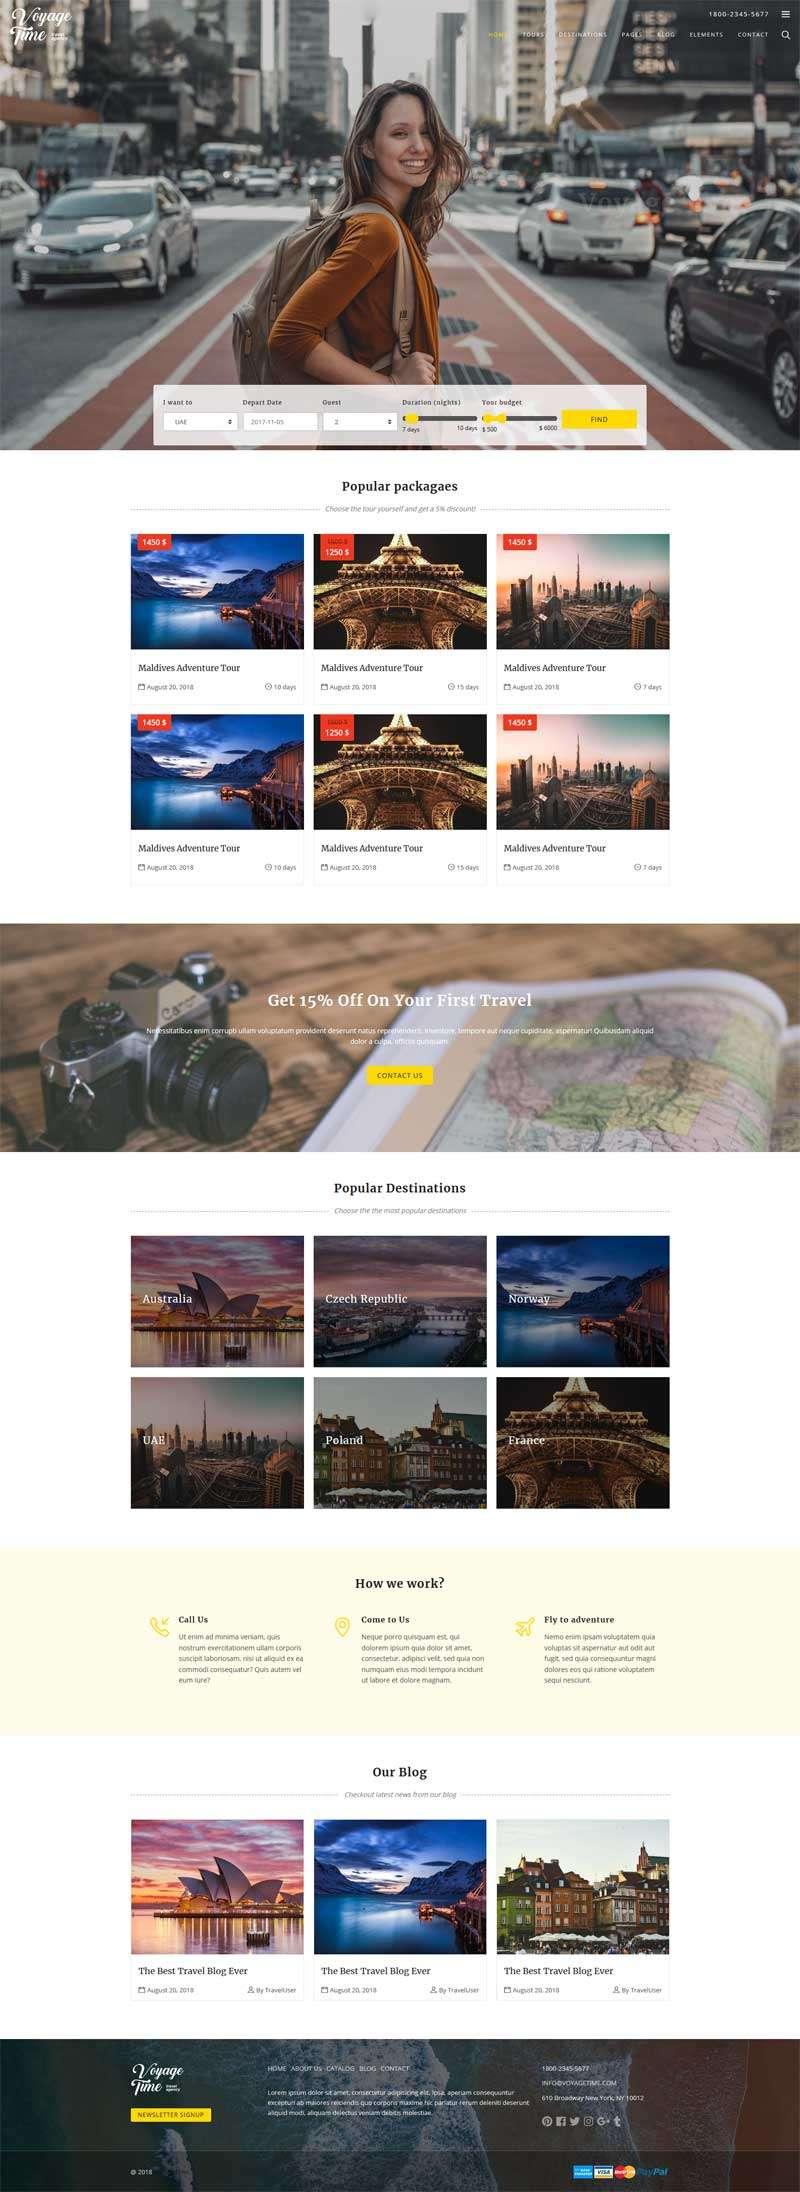 Bootstrap旅行社旅游公司网站模板
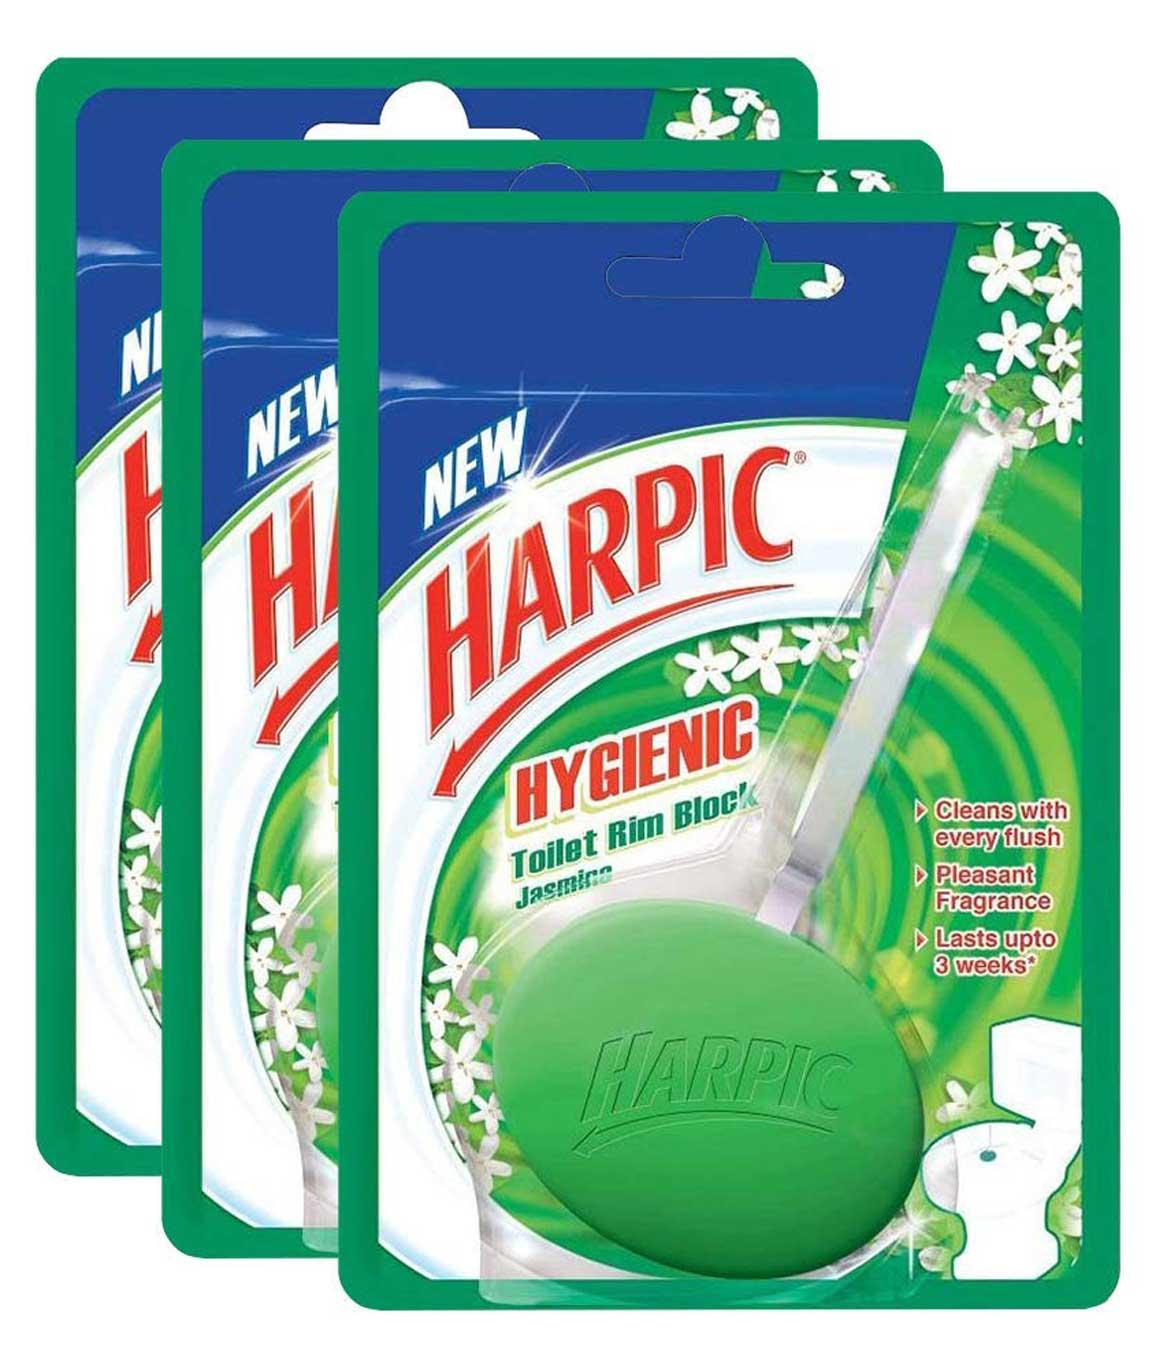 Harpic Hygiene Toilet Rim Block, Jasmine - 26 g (Pack of 3)
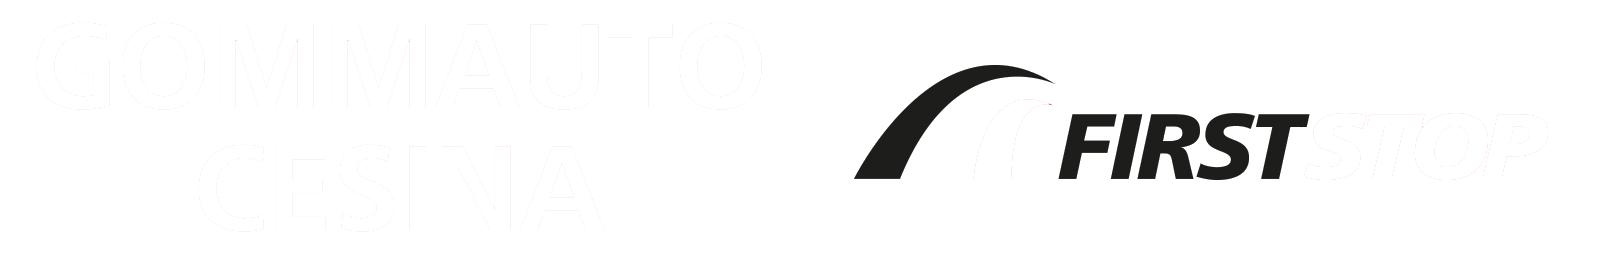 gommauto-cesina

What the exercise asks:
The job here is to retype the data exactly, with no pictures included.

Solved problem:
 Bootstrap旅行社旅游公司网站模板
 Harpic Hygiene Toilet Rim Block, Jasmine - 26 g (Pack of 3)
 gommauto-cesina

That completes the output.